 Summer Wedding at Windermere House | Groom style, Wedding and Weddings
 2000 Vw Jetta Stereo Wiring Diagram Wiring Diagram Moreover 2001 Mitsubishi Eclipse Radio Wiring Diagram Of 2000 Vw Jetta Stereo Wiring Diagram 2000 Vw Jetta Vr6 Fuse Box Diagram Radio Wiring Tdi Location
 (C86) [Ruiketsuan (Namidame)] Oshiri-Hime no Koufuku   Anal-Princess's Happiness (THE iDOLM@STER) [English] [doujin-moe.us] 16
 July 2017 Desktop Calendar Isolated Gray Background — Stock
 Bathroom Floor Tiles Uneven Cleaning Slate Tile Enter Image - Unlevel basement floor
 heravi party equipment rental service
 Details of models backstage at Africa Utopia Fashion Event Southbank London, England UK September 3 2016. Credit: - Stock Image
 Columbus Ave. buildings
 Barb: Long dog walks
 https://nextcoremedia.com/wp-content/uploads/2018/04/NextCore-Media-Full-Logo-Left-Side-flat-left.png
_ _ _ _
- WHAT TO WORK ON -
Whenever a line in the entries holds the word "Stock", copy that line.

- ANSWER SPACE -
 July 2017 Desktop Calendar Isolated Gray Background — Stock
 Details of models backstage at Africa Utopia Fashion Event Southbank London, England UK September 3 2016. Credit: - Stock Image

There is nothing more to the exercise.